Crude oil imports averaged about 7.2 million barrels per day in the week, down by 984,000 barrels from the previous week. Imports over the last four weeks averaged 7.8 million barrels per day, 0.5 percent more than in the prior year during the same period.
Refineries operated at 92 percent of their operable capacity, up 1 percentage point from last week, but production of gasoline nevertheless decreased, averaging about 9.5 million barrels per day. Production of distillate fuel did rise, averaging over 5.3 million barrels per day.
On the demand side, total products supplied over the last four weeks averaged 19.6 million barrels per day, down 0.5 percent from the same period in the prior year. Of this amount, supplied gasoline averaged 9.0 million barrels per day, down by 0.2 percent from the prior year, while distillates averaged 3.8 million barrels, up 8.1 percent.
The Energy Information Administration (EIA) provides weekly information on petroleum inventories in the U.S., whether produced here or abroad. The level of inventories helps determine prices for petroleum products.
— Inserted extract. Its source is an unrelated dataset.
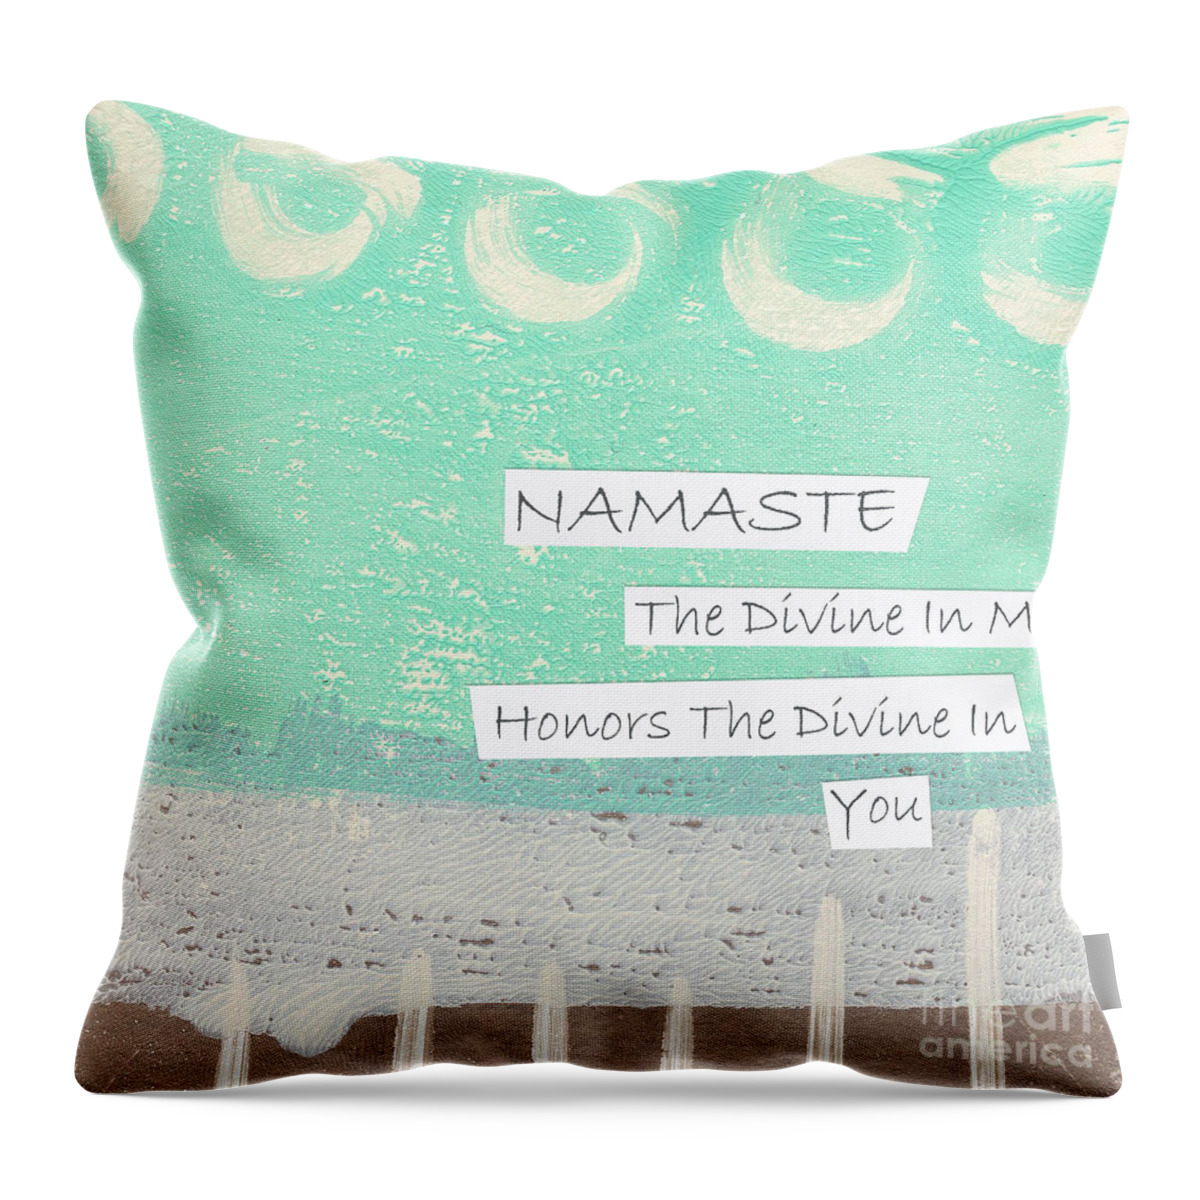 Namaste Throw Pillow featuring the painting Namaste by Linda Woods

Petroleum product prices are determined by supply and demand - just like any other good and service. During periods of strong economic growth, one would expect demand to be robust. If inventories are low, this will lead to increases in crude oil prices - or price increases for a wide variety of petroleum products such as gasoline or heating oil. If inventories are high and rising in a period of strong demand, prices may not need to increase at all, or as much. During a period of sluggish economic activity, demand for crude oil may not be as strong. If inventories are rising, this may push down oil prices.
Crude oil is an important commodity in the global market. Prices fluctuate depending on supply and demand conditions in the world. Since oil is such an important part of the economy, it can also help determine the direction of inflation. In the U.S., consumer prices have moderated whenever oil prices have fallen, but have accelerated when oil prices have risen.